The death of a 26-year-old bicyclist in Minneapolis late Monday has sparked another round of conversations about what the city can do to make cycling safer.

Marcus Nalls, who had recently moved here from Atlanta, was hit by a van driven by a man who was apparently drunk. Police said Nalls was doing everything right. He was wearing a helmet. The lights on the front and rear of his bike were lit, as the law requires. Forget the usual blaming of the victim — no helmet, no light, etc. It isn’t valid (and never is).

So Nalls did his part for bike safety. How about the city?

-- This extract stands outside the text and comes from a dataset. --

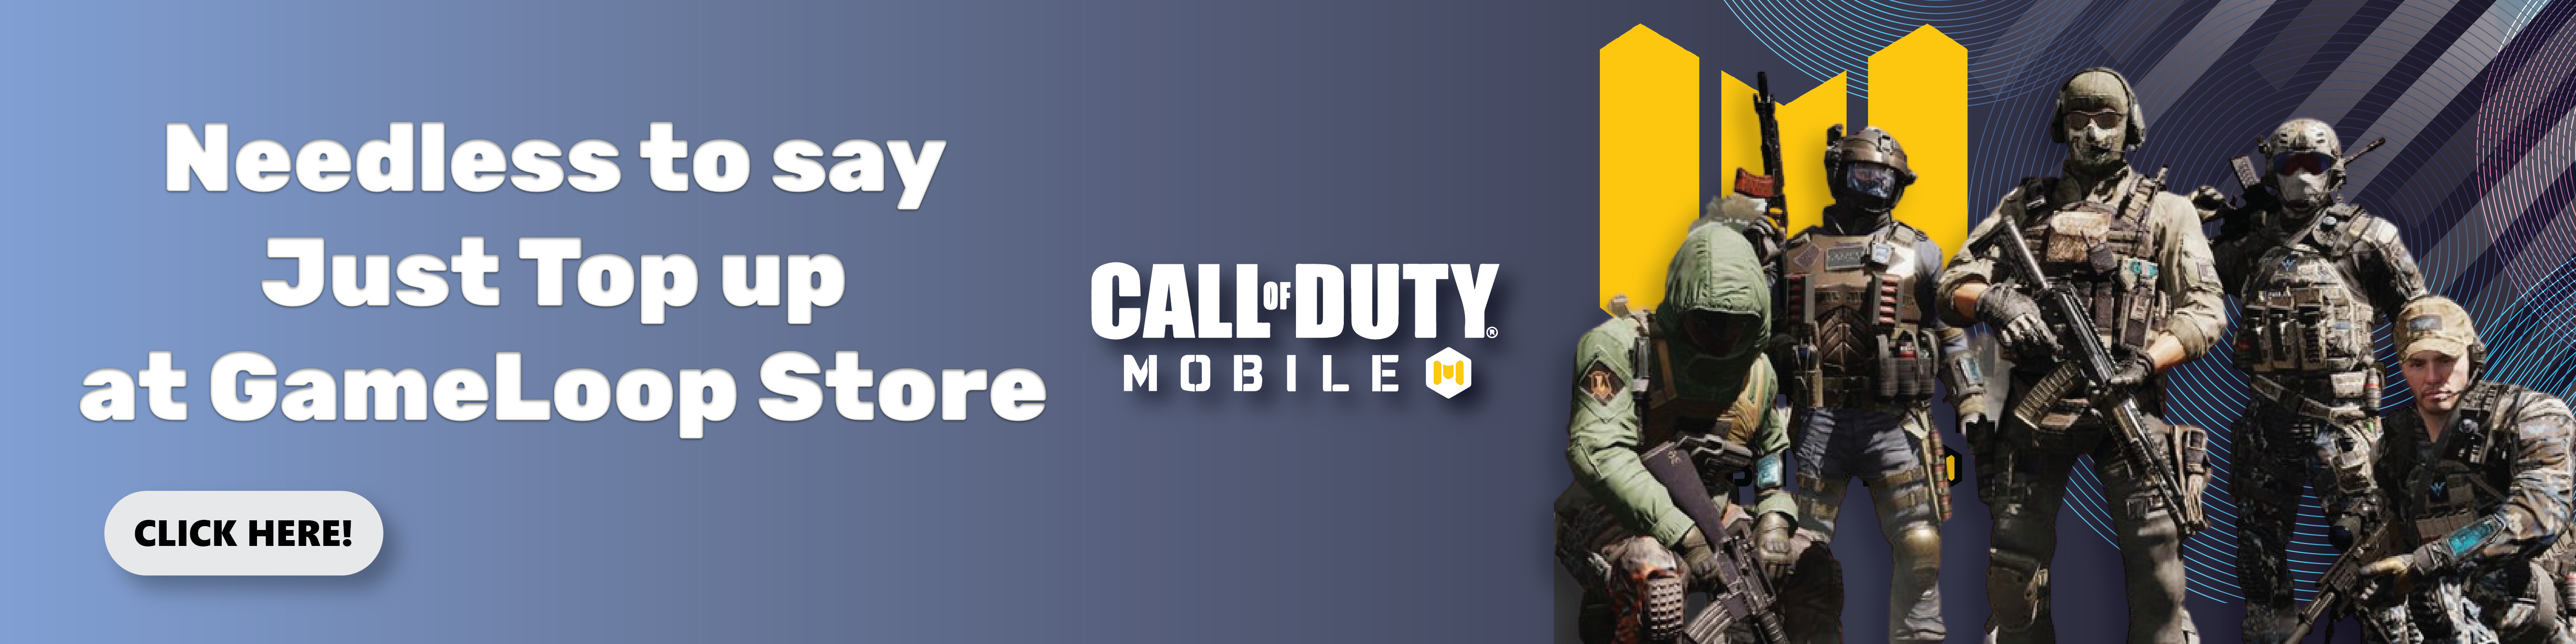 How To Download Call of Duty Mobile Garena

“The sad reality is that Franklin Avenue has a long history of safety problems that have received too little attention,” writes Ethan Fawley on the Minneapolis Bike Coalition blog. Only Lake Street records more accidents between bikes and vehicles, he says, pointing to last fall’s Franklin Avenue report for Bike Walk Twin Cities, which spelled out solutions to the city, including a road diet.

A road diet typically reduces the number of travel lanes along a road to provide space for pedestrians and bicyclists and/or to create space to provide dedicated turn lanes for motorists where none previously existed.

Where road diets are implemented to incorporate dedicated turn lanes, traffic safety5 is improved as rear end, angle crashes, and sideswipe crashes are reduced. Pedestrian safety can be improved through the provision of shortened street crossings and/or the provision of pedestrian refuge islands.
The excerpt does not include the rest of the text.